PPE at Mason

PPE at George Mason prepares students to engage with today's most complex and multifaceted social problems -- climate change, global justice, economic development, institutional racism, globalization -- spanning the traditional concerns of Philosophy, Political Science, and Economics. Mason's PPE program is the first in the Washington DC Area and it fuses our faculty strengths with the uniqued opportunities afforded by the Capital area and our international partnerships.

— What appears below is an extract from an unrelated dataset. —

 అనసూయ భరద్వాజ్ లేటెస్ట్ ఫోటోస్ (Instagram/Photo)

PPE students at Mason follow a sequence of courses that moves from foundational courses, to advanced, specialized seminars, and culminate in a capstone seminar. In addition to completing a major in a traditional field, PPE students develop advanced interdisciplinary skills. We strongly encourage PPE students to study abroad (JS Mill Scholars Program) and provide a robust array of extra-curricular events to engage students with faculty (the southside group) and distinguished guest lecturers (the Roger Wilkins Lectures).

Why Study PPE?

PPE offers motivated students courses and extra-curricular opportunities that prepare them to effectively analyze, engage, and develop solutions for today's complex social problems:

  • PPE gives students the wide range of skills and perspectives needed to solve complex social problems that have ethical, political, and economic dimensions.
  • PPE's interdisciplianry approach corrects the problem of academic research specialization. While PPE dive deeply into specialized topics (and complete a traditional major), they also learn to present this specialized knowledge to a general audience. Economists speak to Philosophers who speak to Political Scientists.
  • PPE combines many of the best parts of the university to create a rich and vibrant learning community.

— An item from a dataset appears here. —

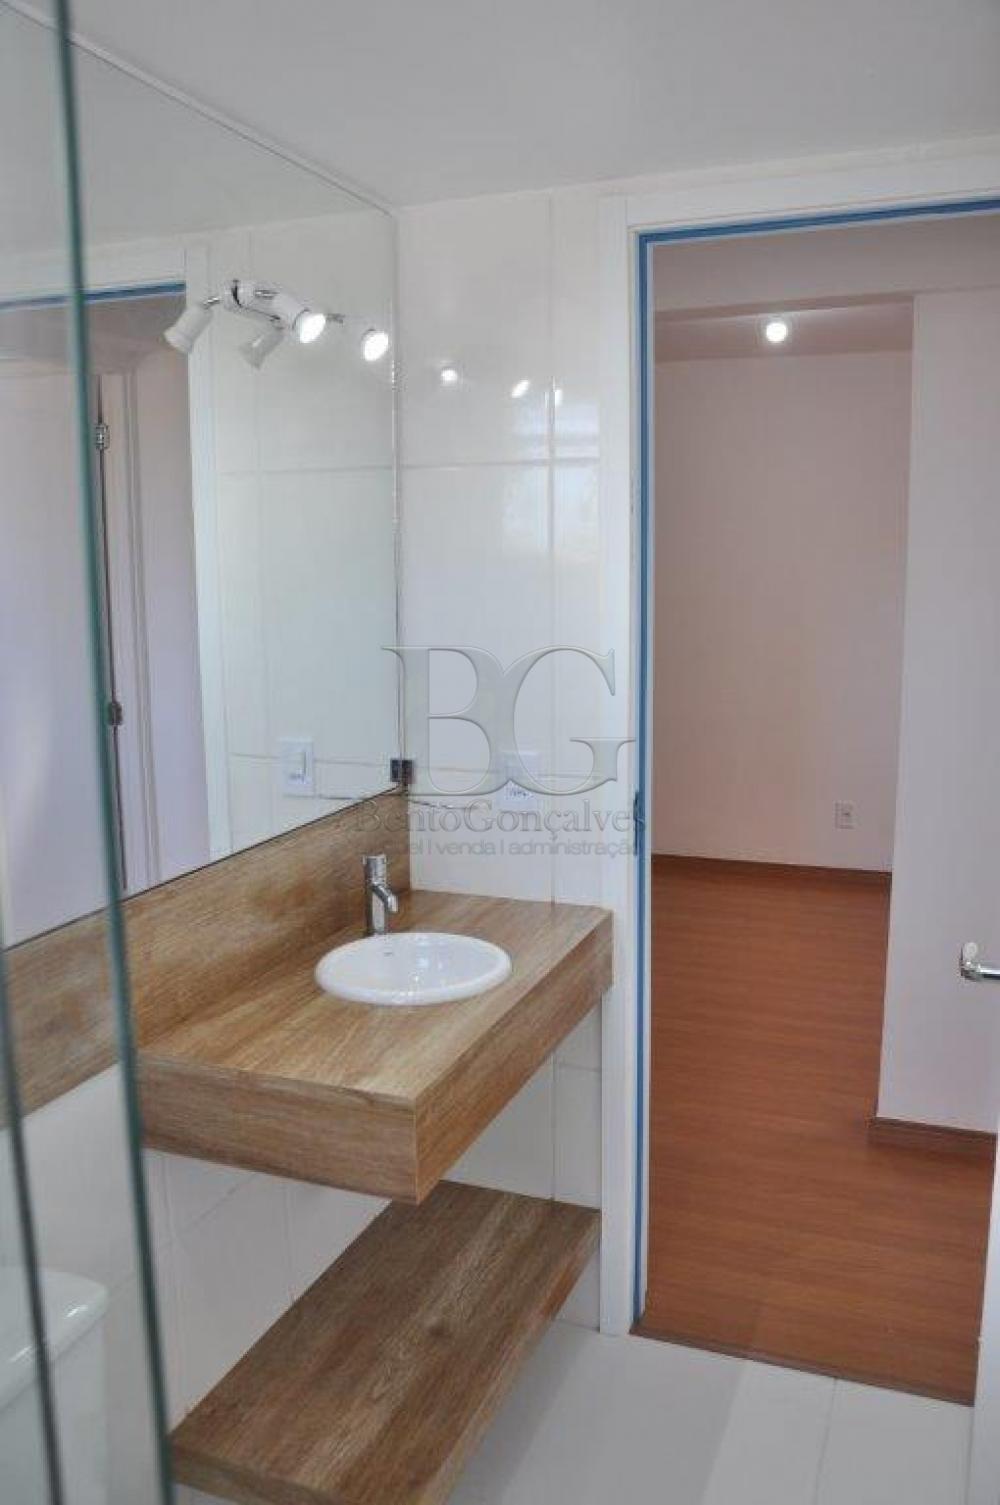 Alugar Apartamentos / Padrão em Poços de Caldas apenas R$ 650,00 - Foto 10

What Can I Do with a PPE Concentration?

Because the PPE concentration trains students to attack a wide range of problems using rigorous analytical techniques, it is an excellent basis for those who want to pursue careers in industry, journalism, politics, management, intelligence, marketing, industrial organization, and elsewhere; for those who want to go to law school; and for those who are interested in going to graduate school, whether in philosophy, economics, or political science.

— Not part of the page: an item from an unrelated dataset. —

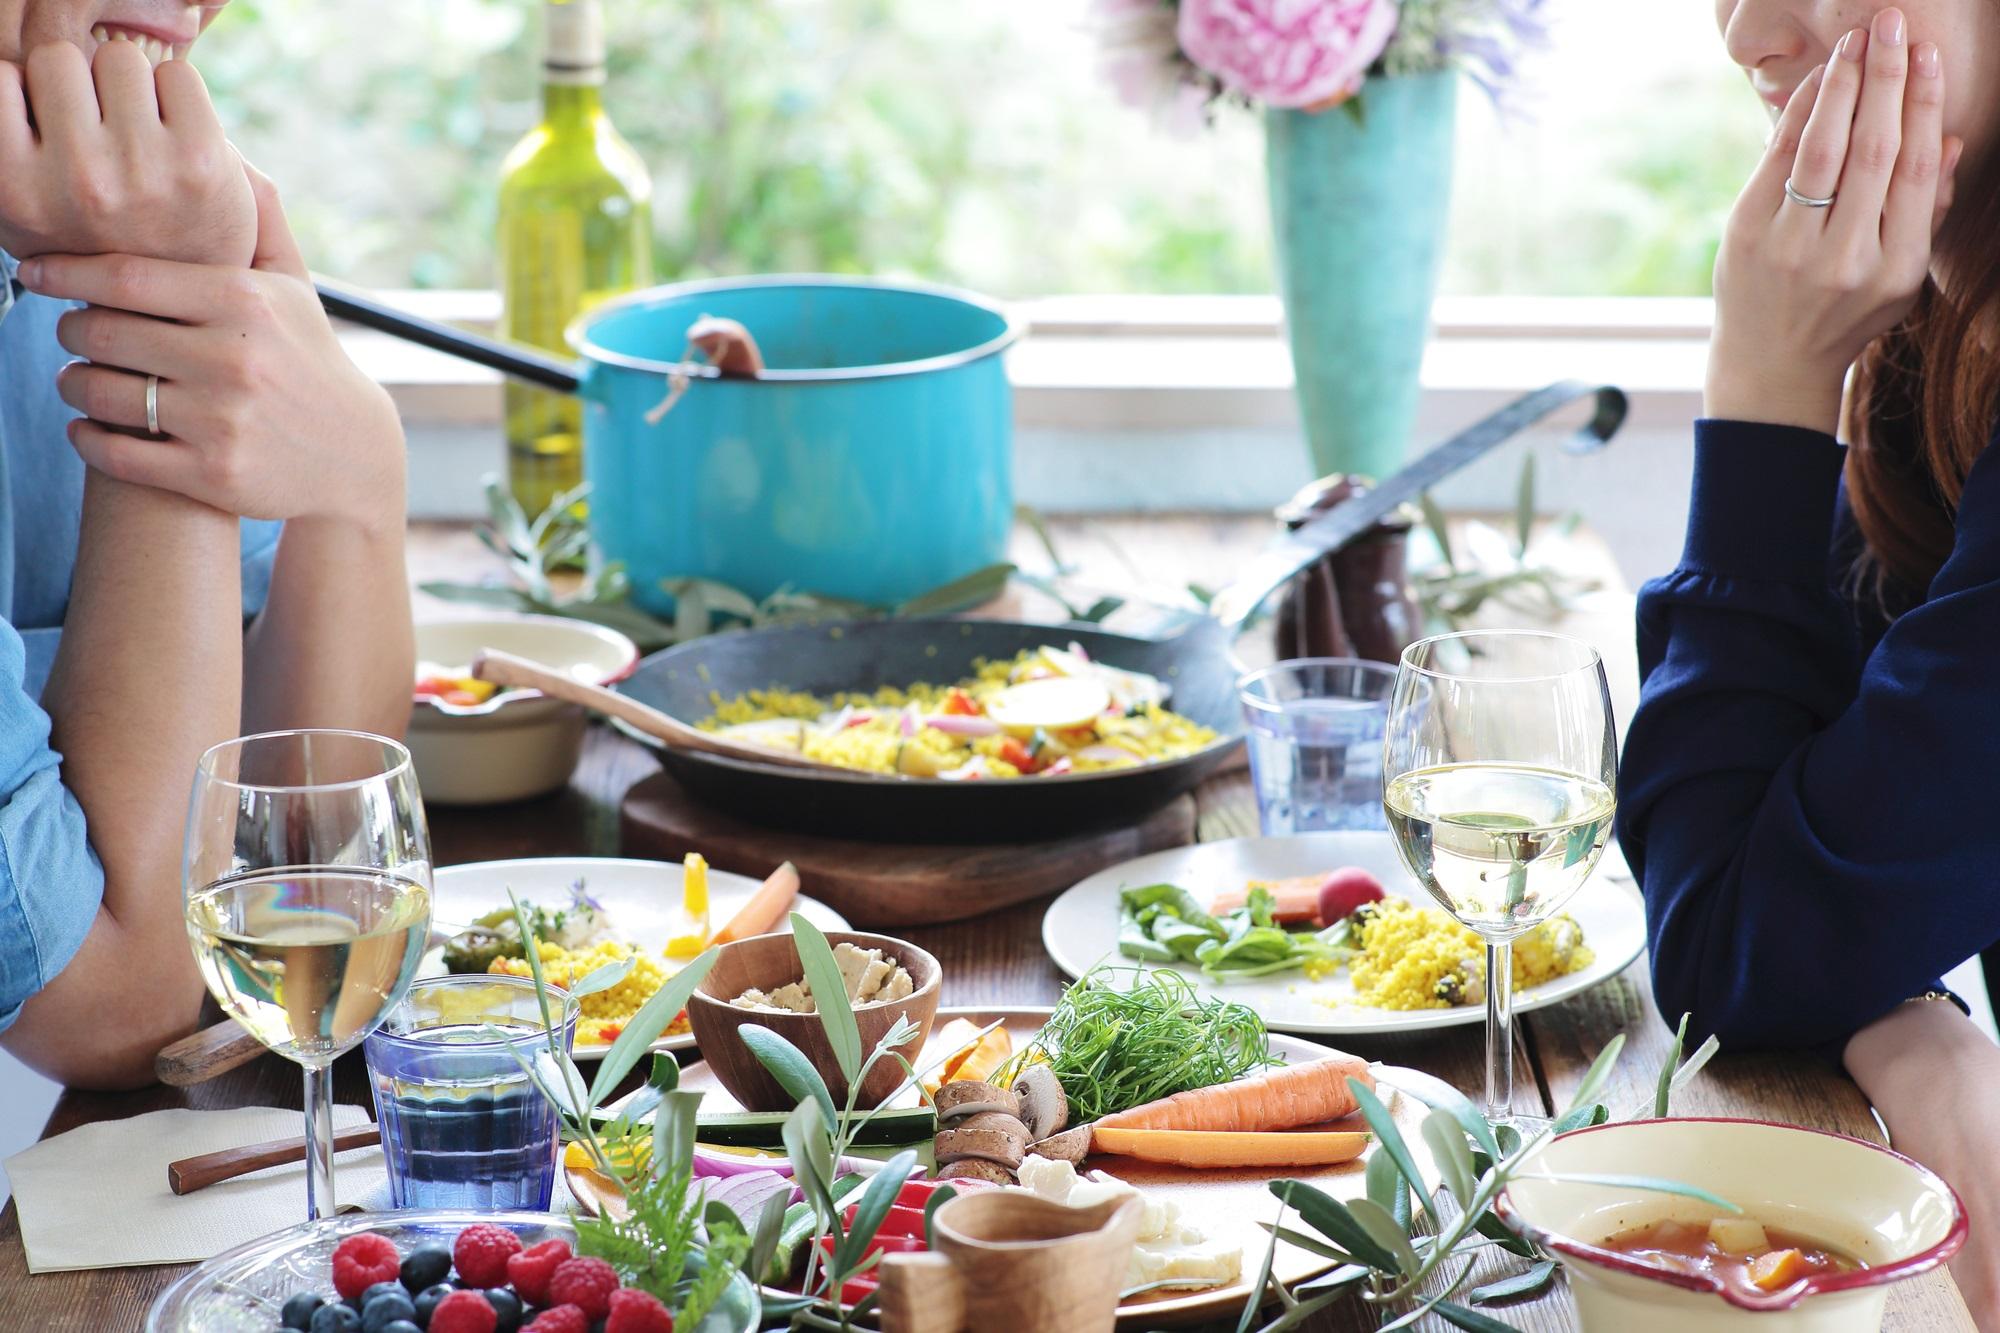 食事は家族の絆づくりにも大切!夫婦一緒の食事はしている?

  • If you want a career in industry or public service. For better or worse, the business world moves so fast that much of what you learn today will be obsolete after 5–10 years. What will never become obsolete is the ability to process information, understand what motivates people, adapt to new situations, solve problems, think straight, and communicate effectively. These are all skills that you will hone in the PPE program. Take it from people like the C.E.O. of Delta. When Richard Anderson is hiring, he wants people who use complete sentences, read books, can think about values, communicate well, and are able to solve problems.
  • If you’re going to Law School. In law school and beyond, nothing is more important than being able to take in large amounts of information, assess what’s important, spell out and analyze arguments, and present your conclusions clearly and convincingly, whether orally or in writing. The PPE program will help you develop all these skills. The data back it up: among the twelve largest disciplines, economics majors and philosophy majors are tied for first place in terms of LSAT scores, which play a pivotal role for entrance into law schools.
  • If you’re going to Graduate School. In graduate school and beyond, you’ll be expected to read huge amounts of text, synthesize the important points, and develop and present your own original work. Unsurprisingly, PPE students do very well in graduate school and beyond, including in academic careers. Again, the data reveal that majors in the PPE disciplines consistently score at the top of the rankings on the GRE test, on which admission to graduate school is partly based. And if you’re wondering, the evidence shows that they do spectacularly well on the GMAT too.